The school served them a breakfast of maize porridge in little blue mugs. The porridge is cooked by a woman in traditional dress in the brick kitchen in a huge pot over a wood fire. The man in the picture brought the firewood on his bicycle. And during the day the students performed lots of tasks around the grounds: dumping garbage in a pit (where it is later burned), using hoes to widen paths, cleaning the classrooms. At the entrance to the school are dozens of signs about avoiding AIDS: “Virginity is healthy,” “Delay sex,” “AIDS kills.” (Yes, this is a primary school. AIDS has touched everyone.)

We ate matoke (bananas steamed in banana leaves), cassava, rice, boiled chicken and beef for lunch, all ladled from big pots by the local women. Everyone ate with their fingers, scooping the matoke up and licking it off; me too. The leader of the workshop introduced me as a “very down-to-earth person – she eats what we eat.” I think it helped that I wouldn’t take any special treatment, including sitting on someone’s lap with my head smashed against the roof as 8 of us squeezed into a truck meant for 4 for the roller coaster ride on the red-dirt road.

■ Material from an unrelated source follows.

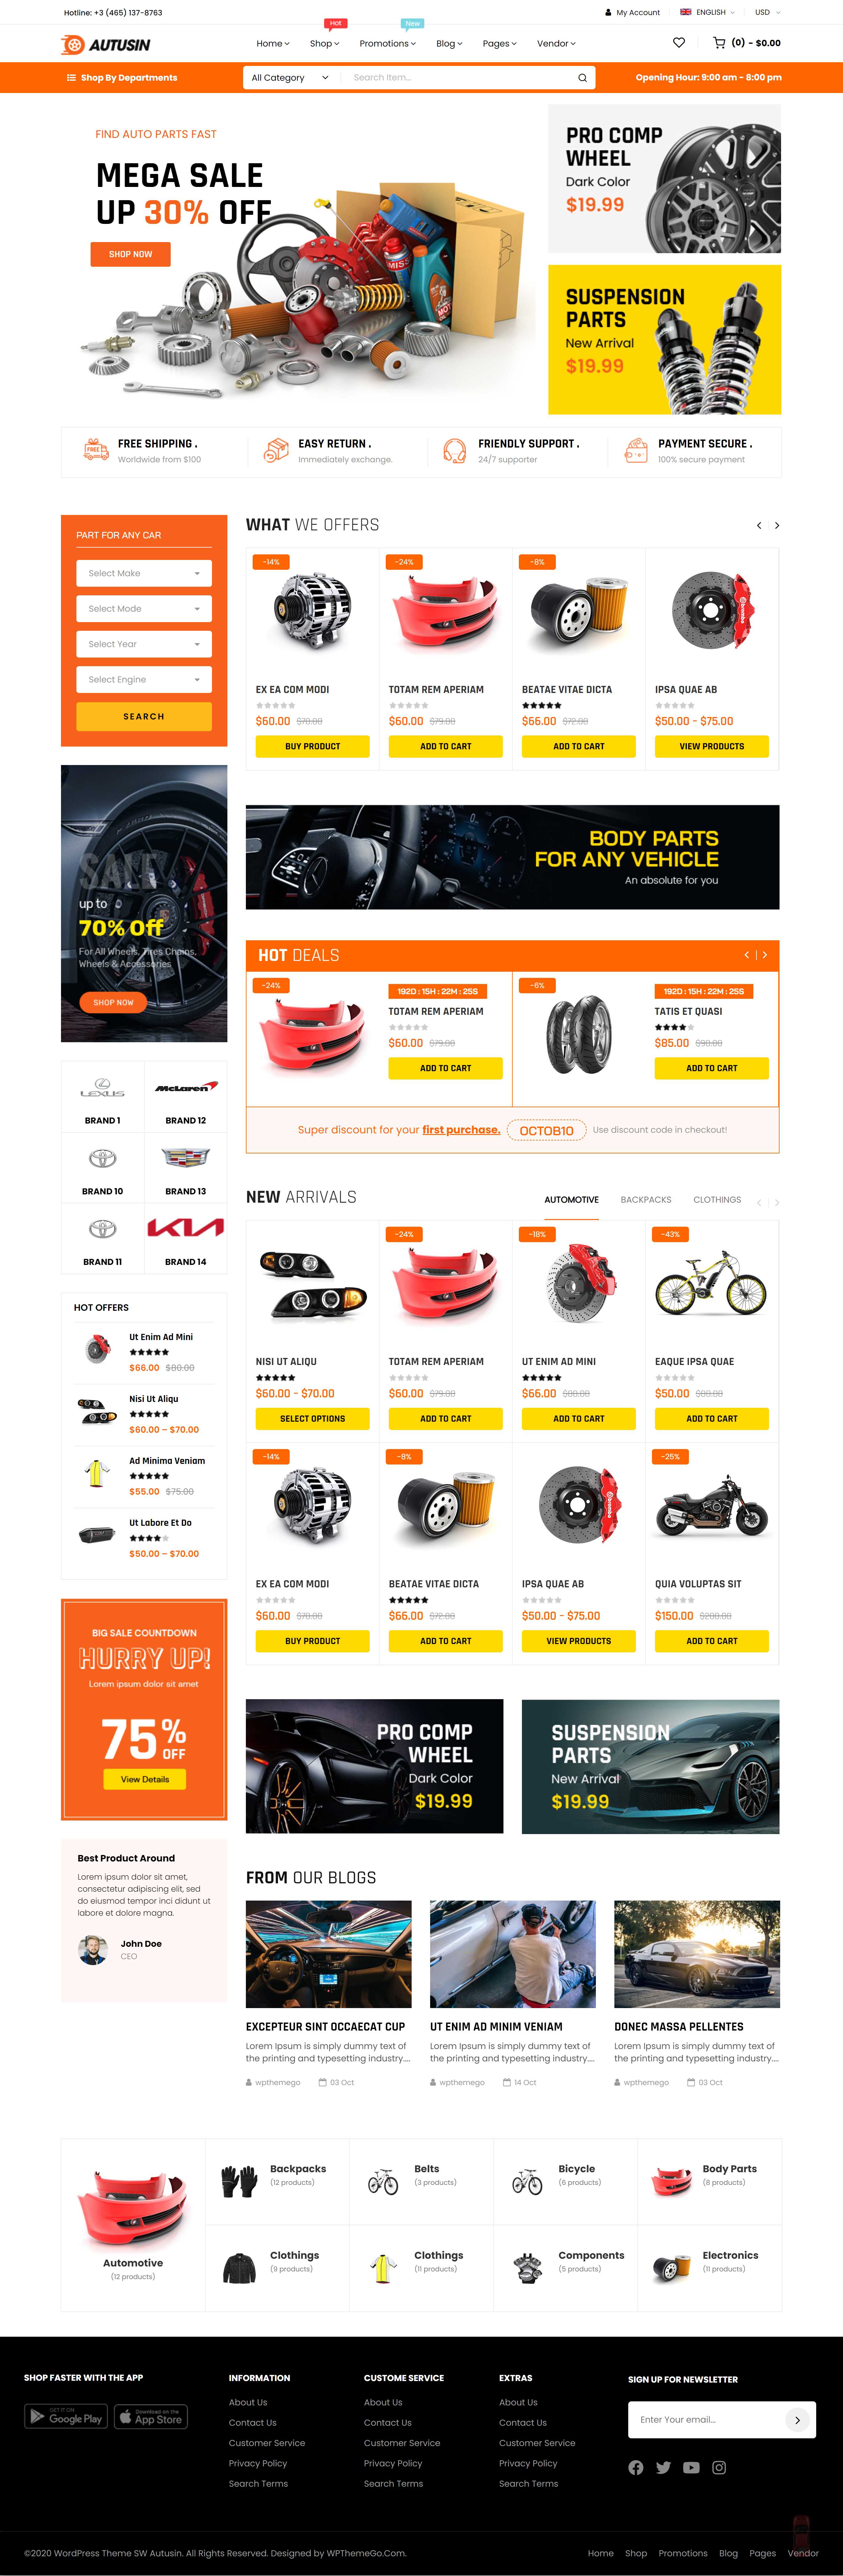 Mẫu thiết kế website showroom bán Phụ tùng, đồ chơi ô tô, xe máy đẹp 02  demo_wpthemego_com/themes/sw_autusin/demo7/home-page-17/
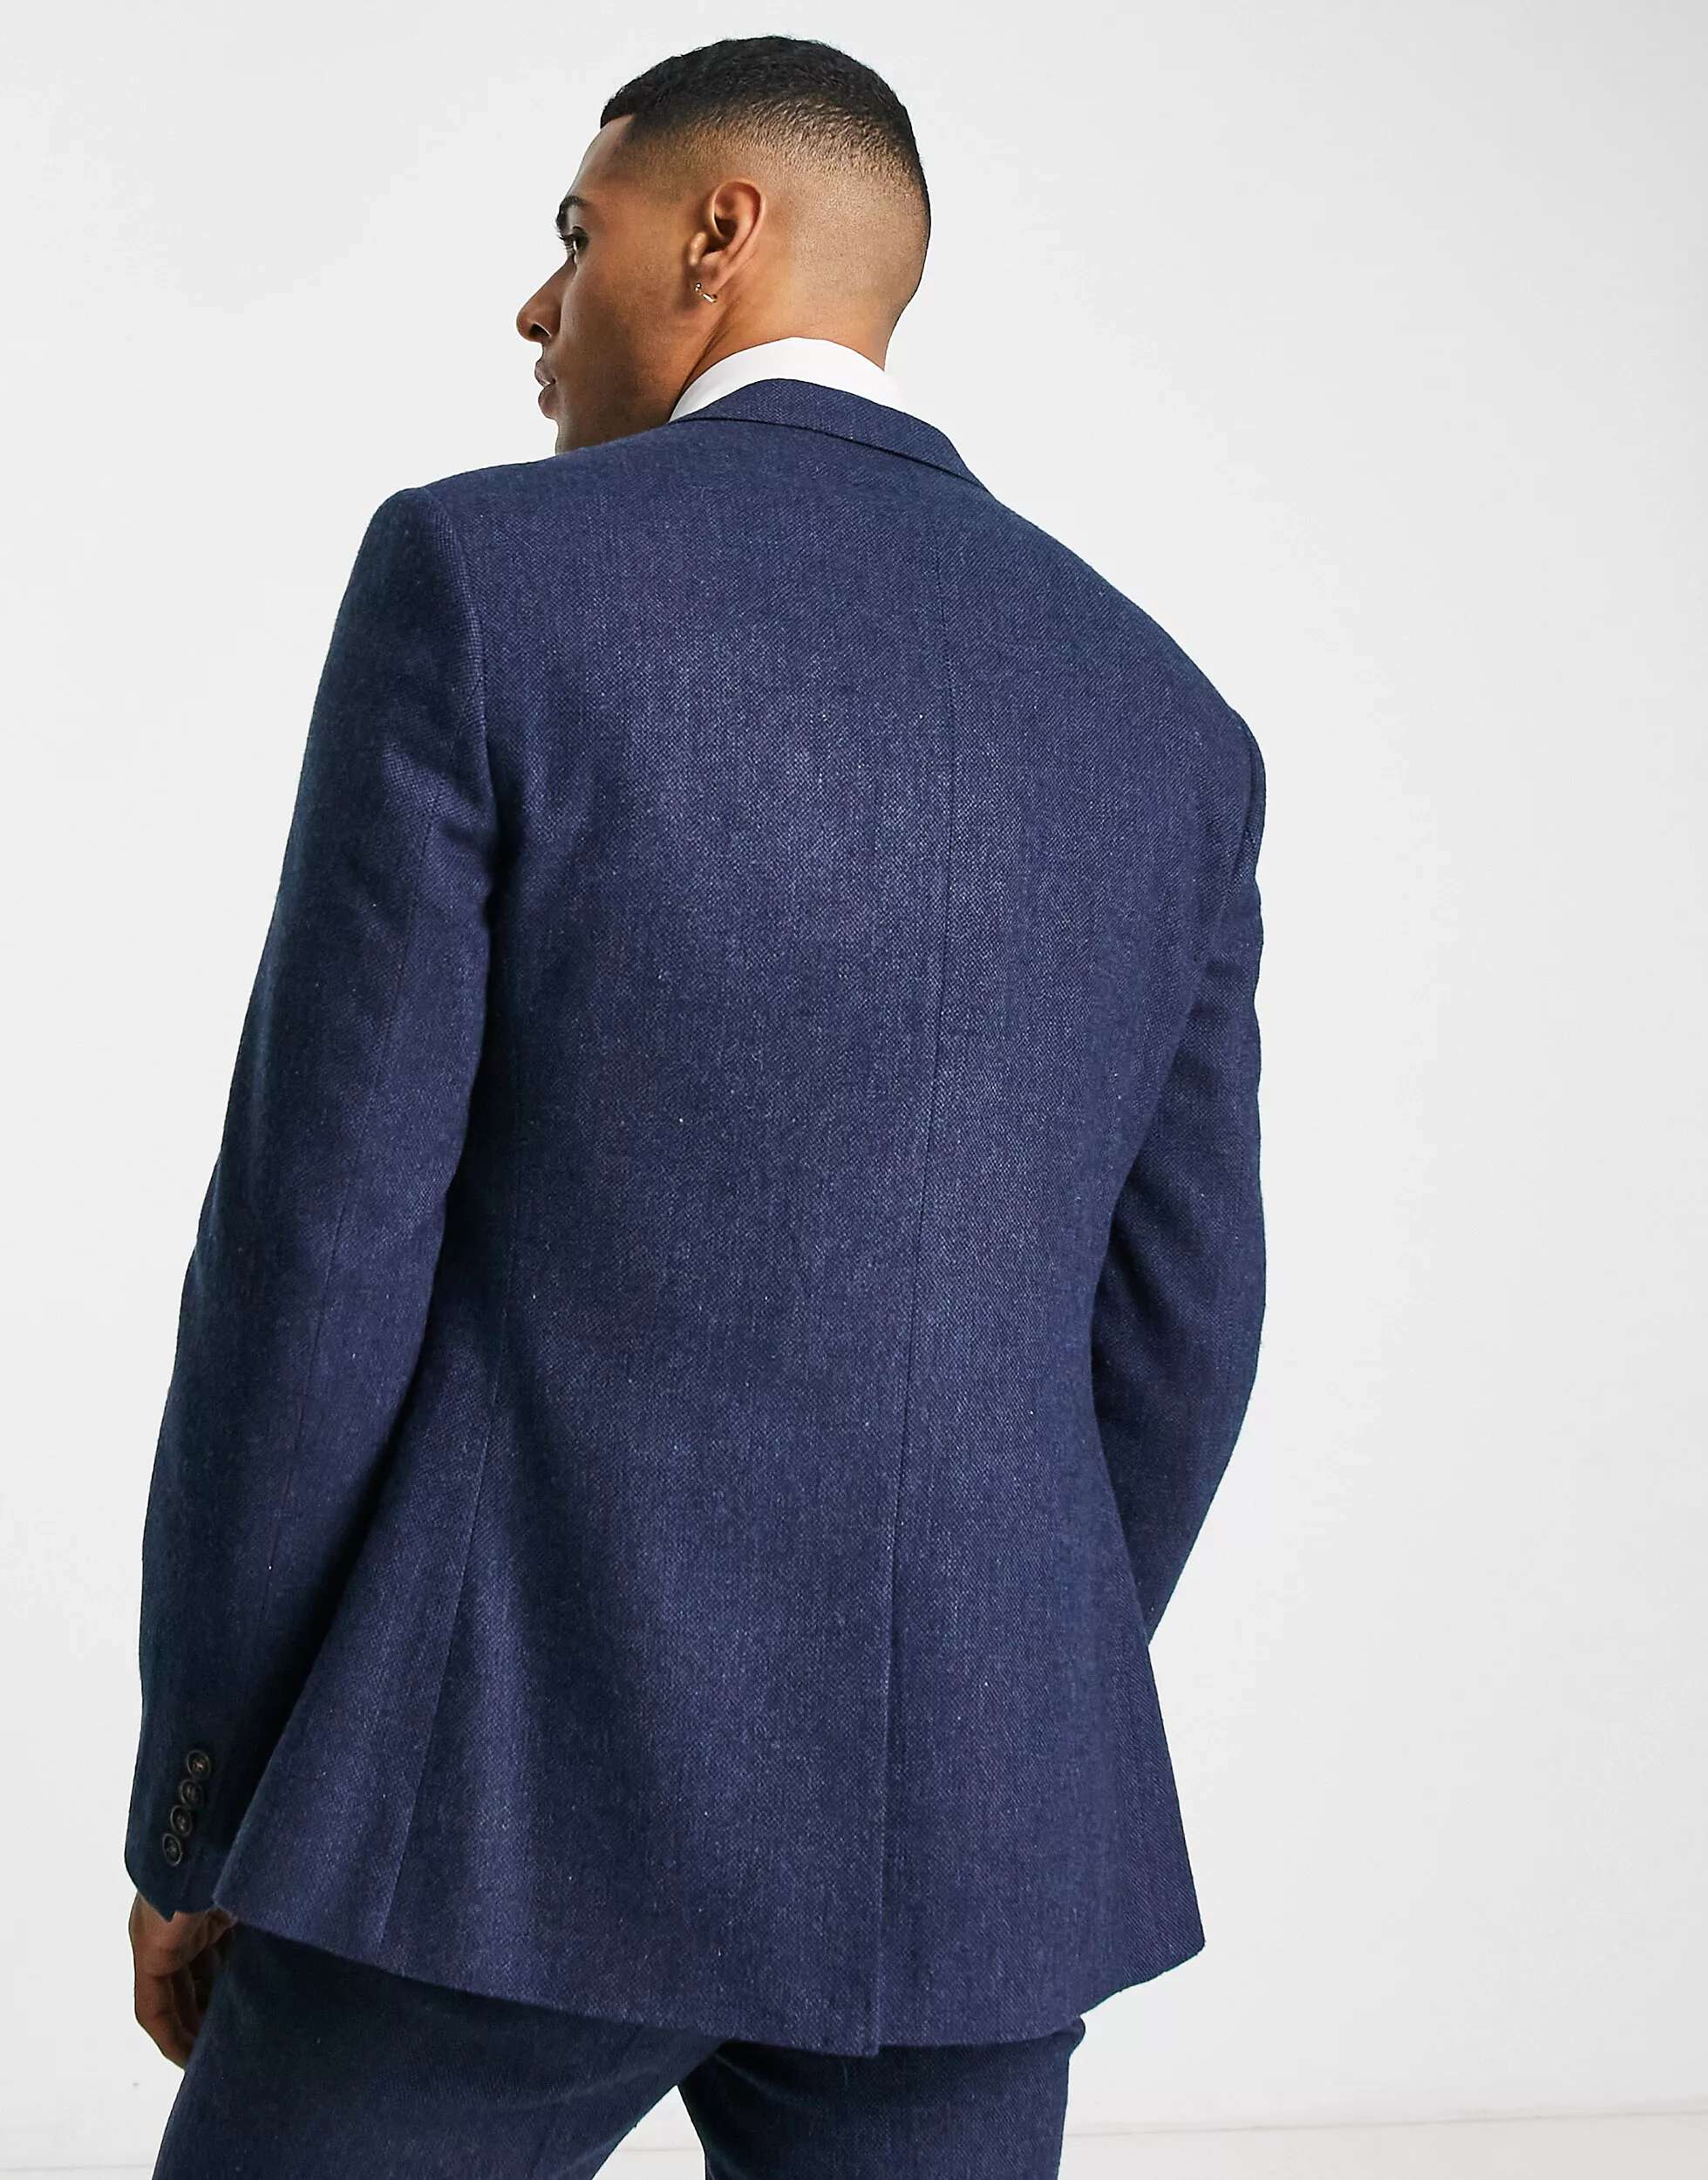 Свадебный пиджак скинни из смесовой шерсти ASOS в плетении корзинчатого цвета цвета индиго

Okay, so I pulled one mzungu thing. They were sending me back to Kampala by matatu/taxi. I watched the taxis on the way and thought, “Oh my gawd, this will take about 4 hours and they are filthy and crowded.” (Not to mention the carcasses of dead taxis you see everywhere.) So I pulled the age trick, told them how old I am and they insisted I get a driver home. I kind of like this being honest about age bit.